> Task
Beginning with the line that contains "swimming pool apartment community", retype the entries below exactly, ending with the line that contains "belairdirect logo". Leave out any pictures.

> Stored data
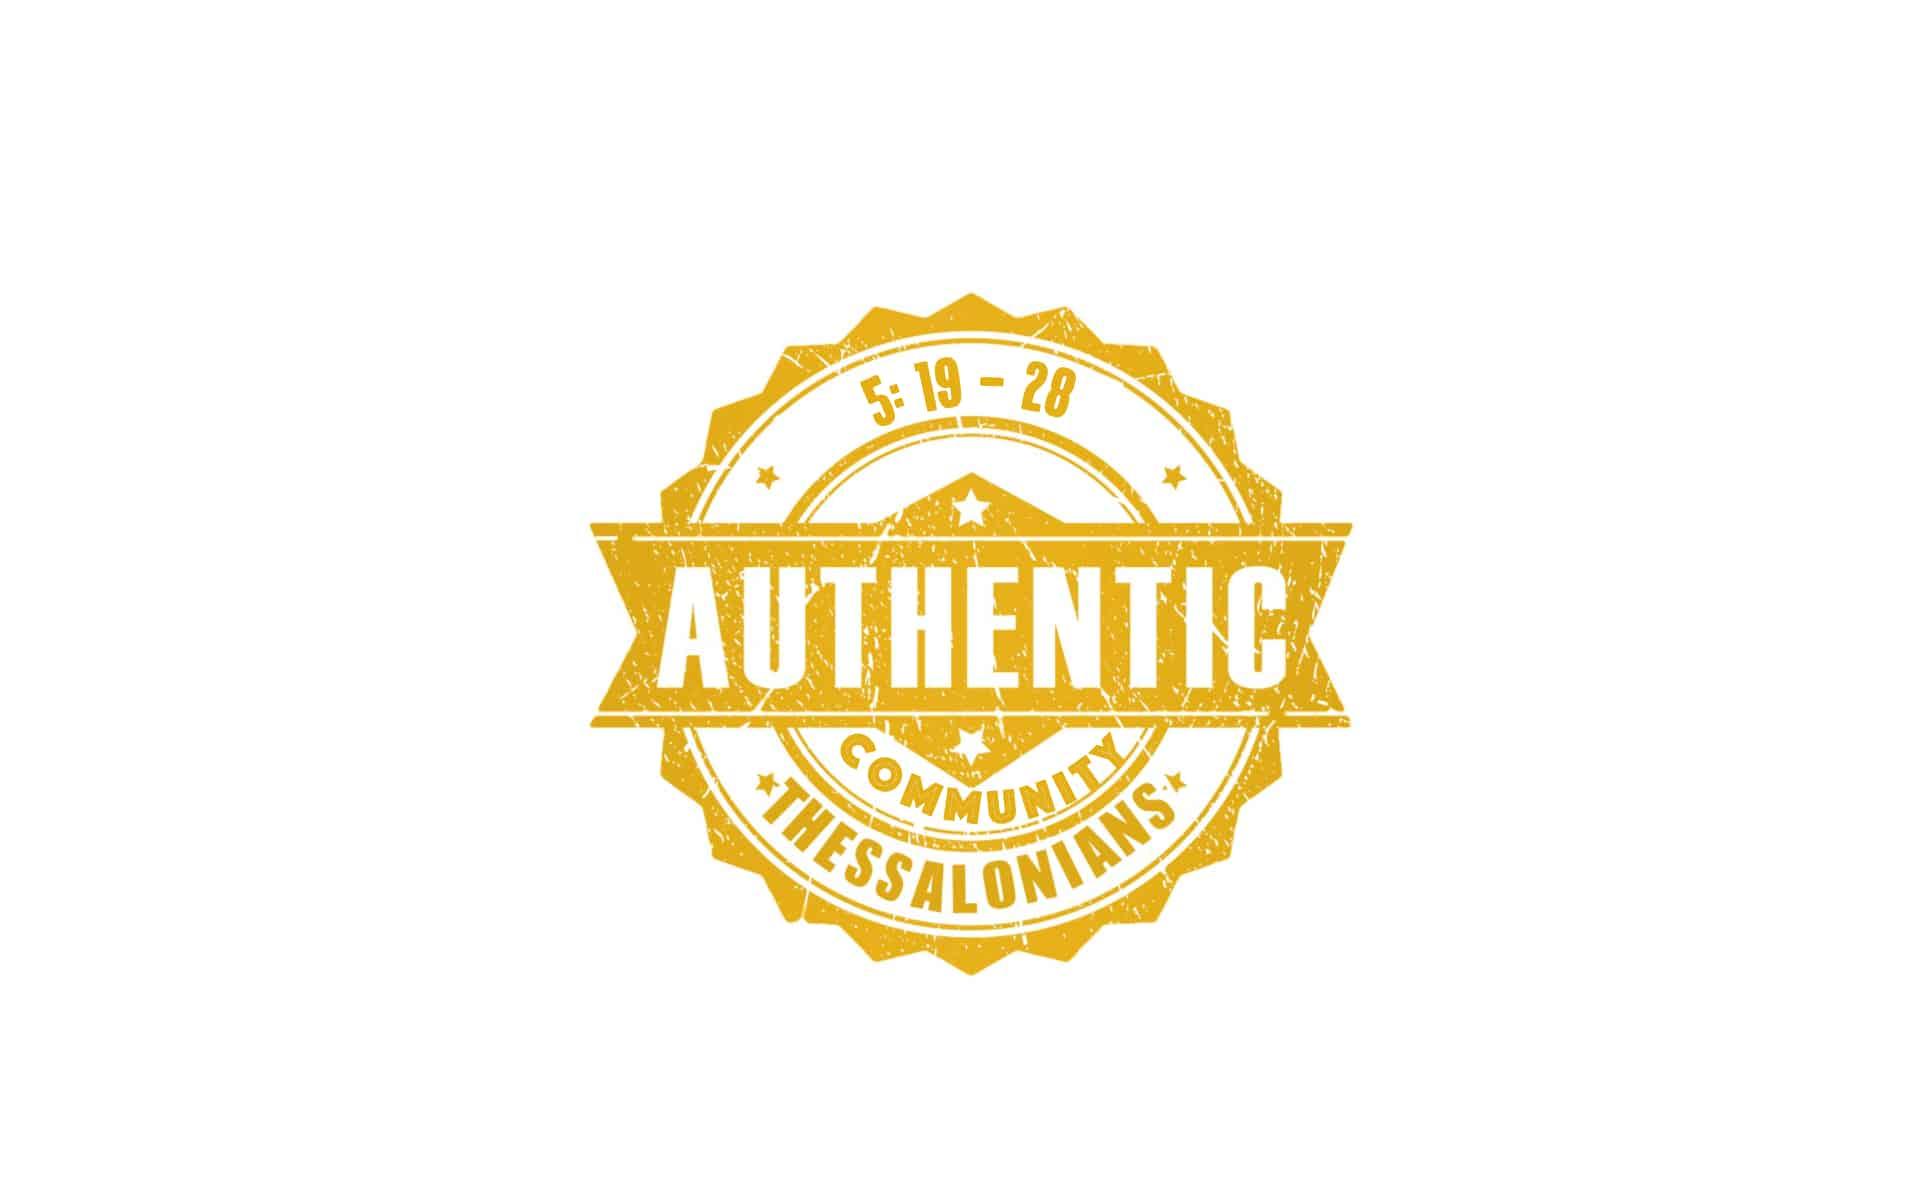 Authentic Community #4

==

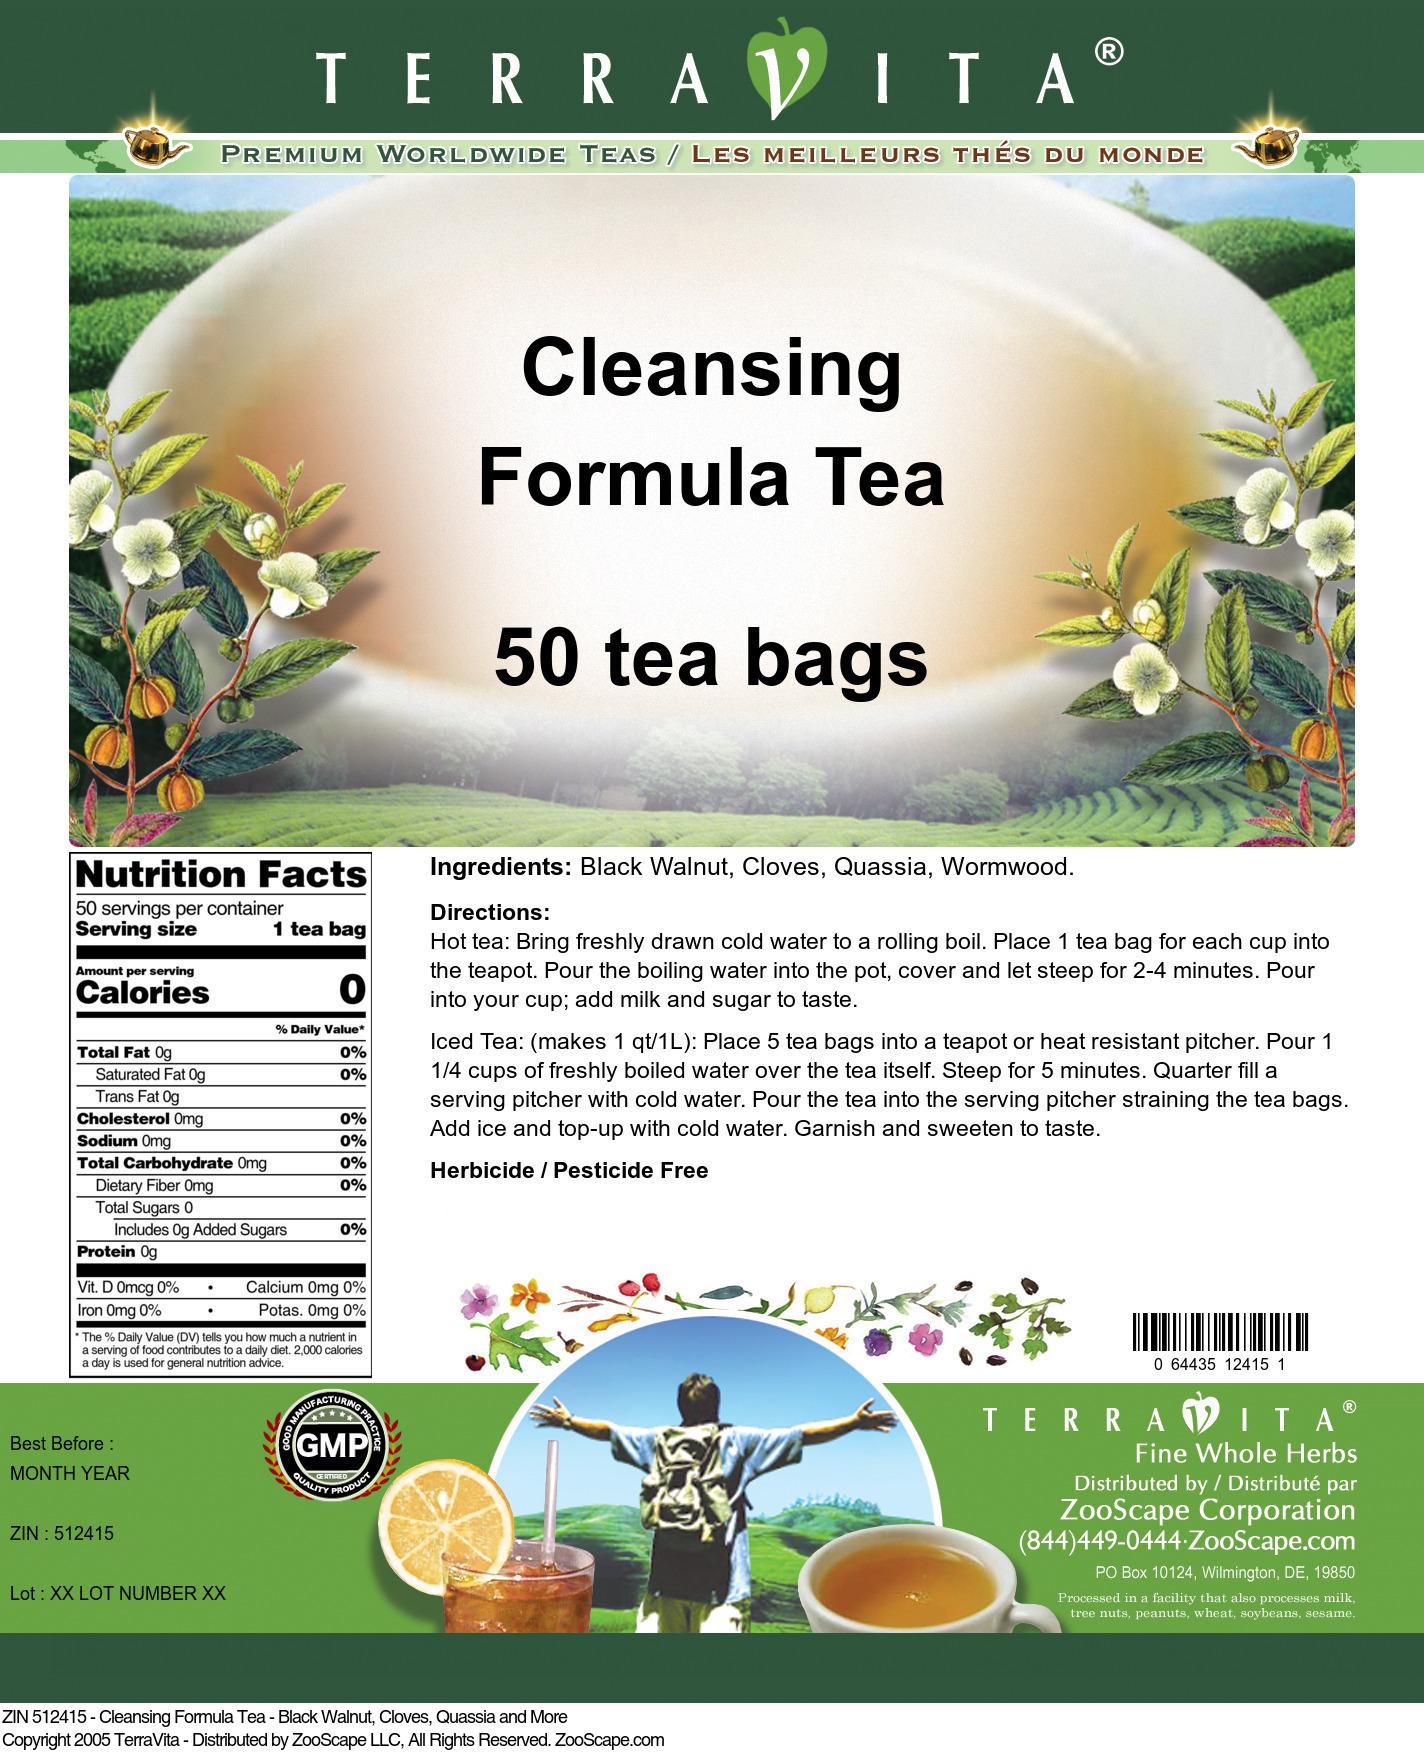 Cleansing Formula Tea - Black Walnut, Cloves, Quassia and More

--

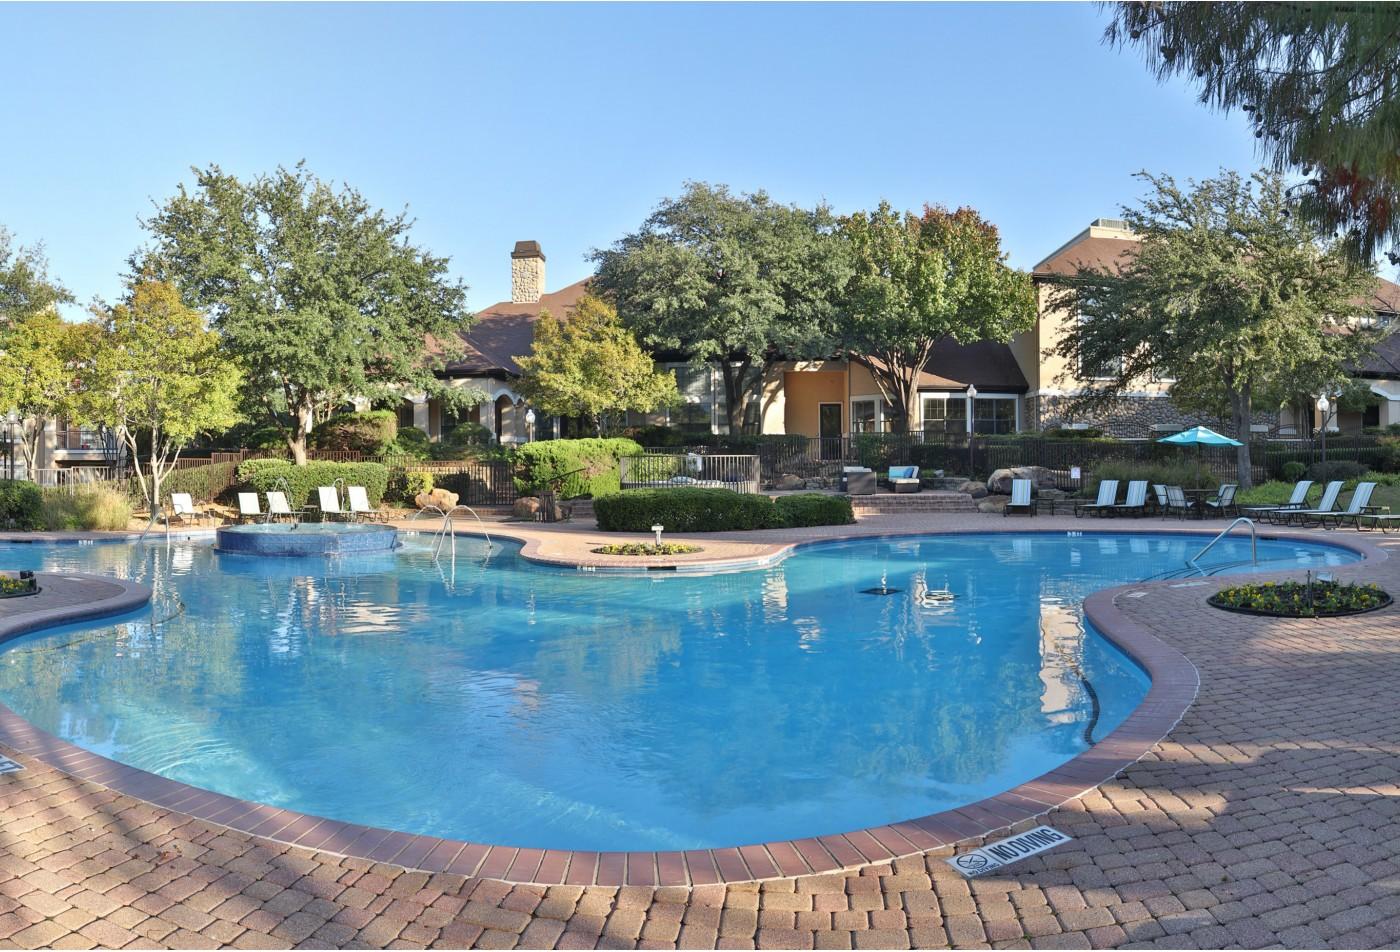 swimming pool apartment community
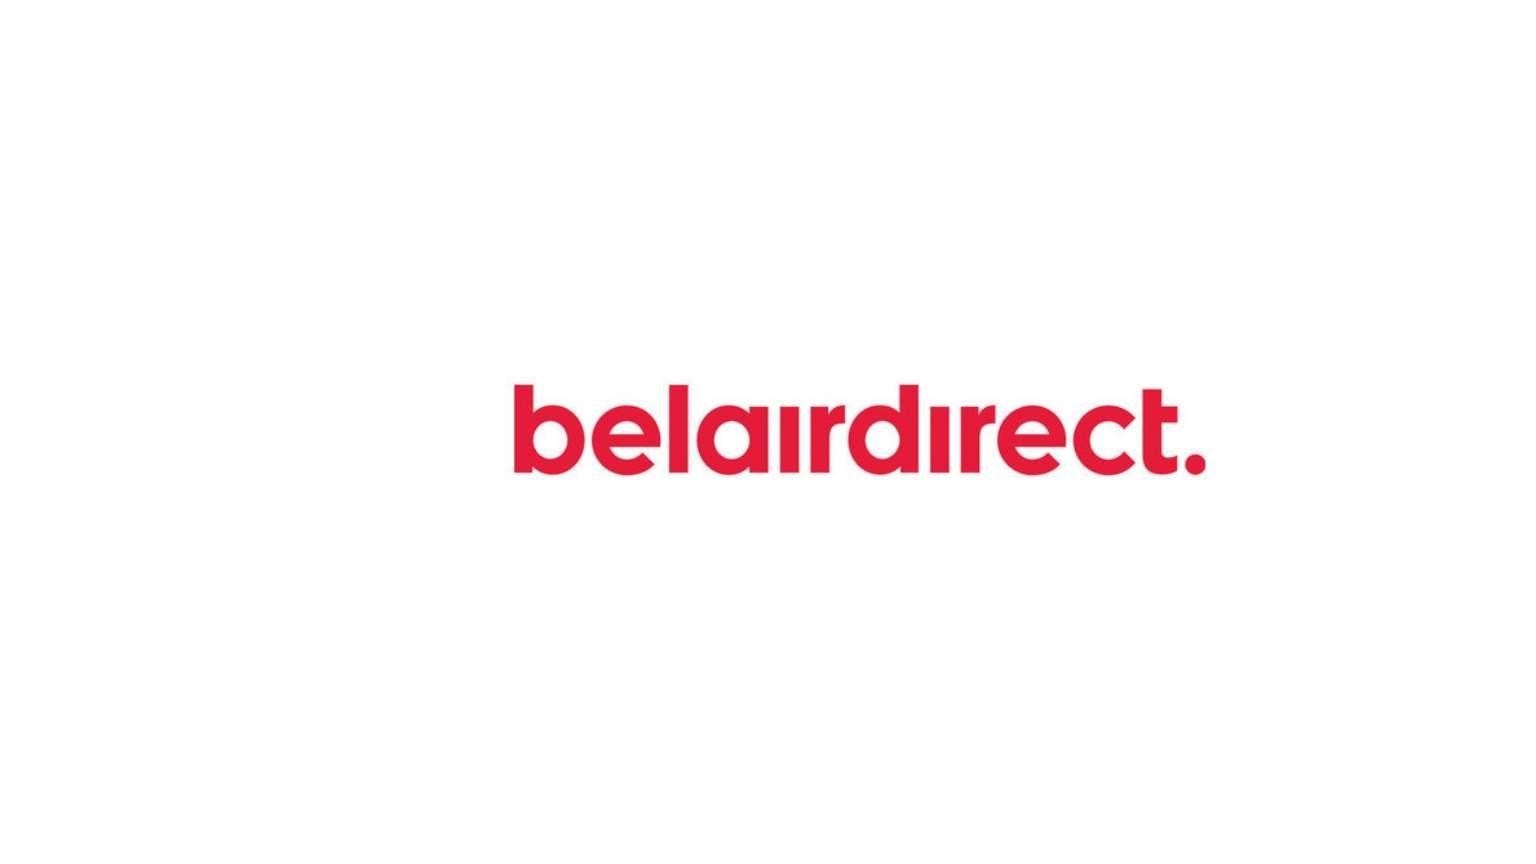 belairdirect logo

> Response box
 swimming pool apartment community
 belairdirect logo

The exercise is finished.